11. Composition according to any one of claims 1 to 10, characterized in that it additionally contains at least one hydrophilic nonionic gelling agent, preferably chosen from natural or naturally occurring polymeric gelling agents, gelling agents. synthetic polymers, and mixtures thereof, more preferably chosen from hydroxypropyl ethers of diamidon phosphate, hydroxyalkylcelluloses, Tora gums, associative polyurethanes, and mixtures thereof, and more particularly hydroxypropyl Starch Phosphate, hydroxyethylcellulose and tora gums, Polyurethane-39 and their mixtures ..

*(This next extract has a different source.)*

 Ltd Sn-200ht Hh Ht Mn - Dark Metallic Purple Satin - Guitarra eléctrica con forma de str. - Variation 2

12. Composition according to any one of claims 1 to 11, characterized in that it is in the form of an aqueous gel or emulsion, said emulsion preferably being an oil-in-water emulsion or an emulsion. water-in-oil.

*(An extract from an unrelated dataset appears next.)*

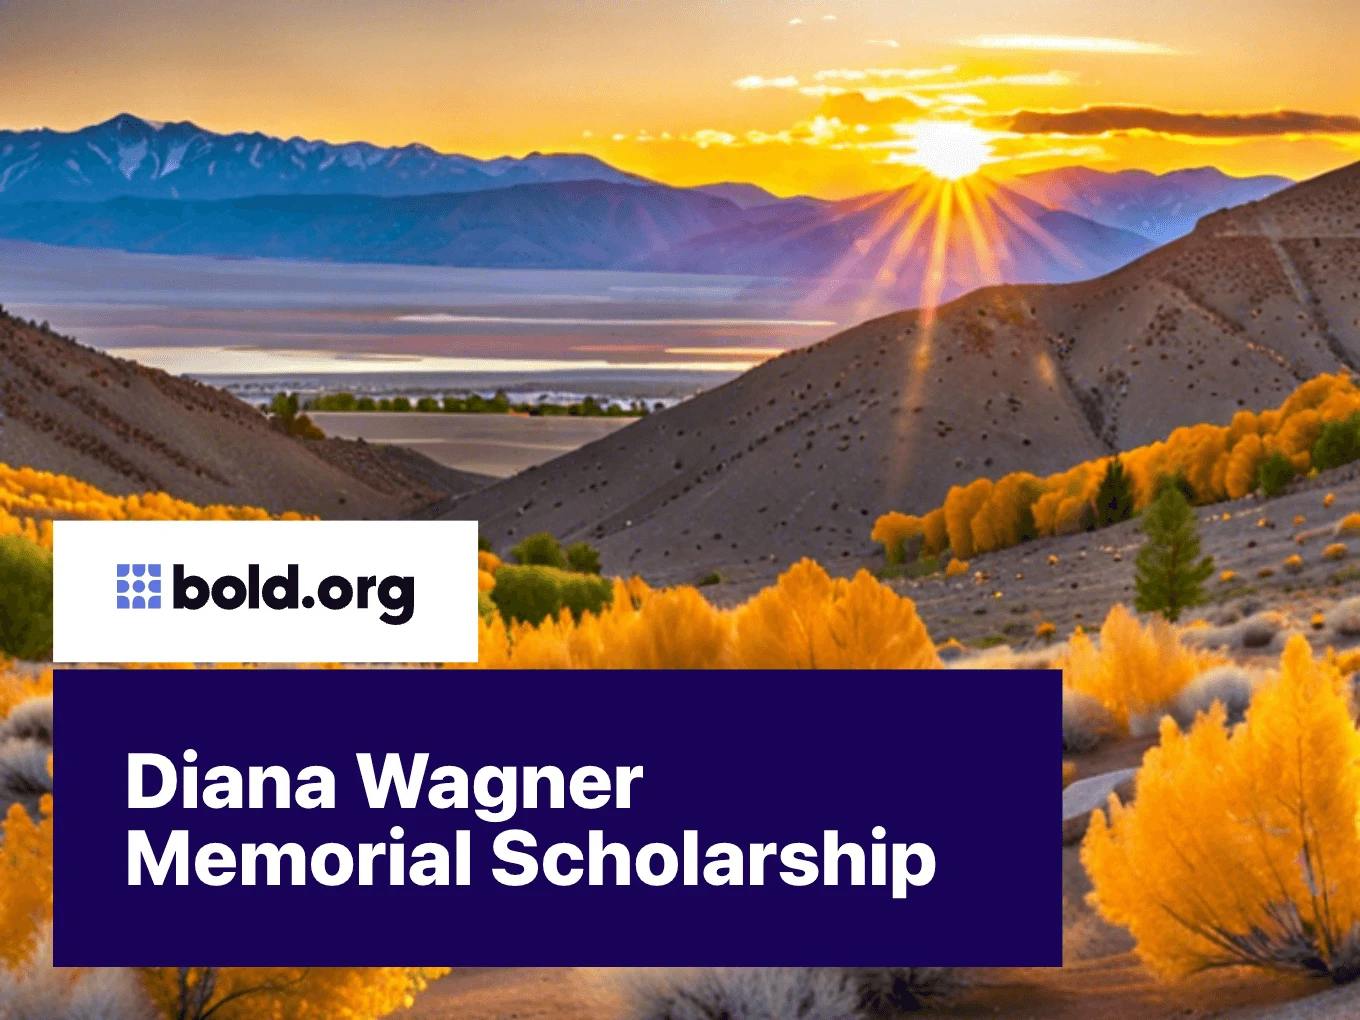 Diana Wagner Memorial Scholarship

13. Composition according to claim 12, characterized in that it is an oil-in-water emulsion and comprises at least one emulsifying surfactant chosen from: (i) those comprising a C18 fatty chain, in particular chosen from the mixture PEG-100 Stearate / Glyceryl Stearate, PEG-40 stearate; cetostearylglucoside mixed with cetostearyl alcohol. (ii) polydimethylsiloxanes comprising both oxyethylenated groups and oxypropylene groups, in particular BIS-PEG / PPG-16/16 PEG / PPG-16/16 DIMETHICONE / CAPRYLIC / CAPRIC TRIGLYCERIDE; (iii) HLB surfactants from 3 to 8, in particular POLYGLYCERYL-3 DIISOSTEARATE or POLYGLYCERYL-2 DIPOLYHYDROXYSTEARATE (Dehymuls PGPH®); (iv) their mixtures.

14. Composition according to Claim 12 or 13, characterized in that it is an oil-in-water or water-in-oil emulsion and that the oily phase contains at least one volatile oil, in particular at least one silicone oil. , volatile, in particular chosen from dodecamethylcyclohexasiloxane, caprylylmethicone.

15. Composition according to any one of claims 1 to 14, characterized in that it is a foundation.

16. A process for coating keratin materials, more particularly for makeup and / or care of keratin materials, such as the skin, characterized in that it comprises the application to keratin materials of a composition as defined according to US Pat. any one of claims 1 to 15.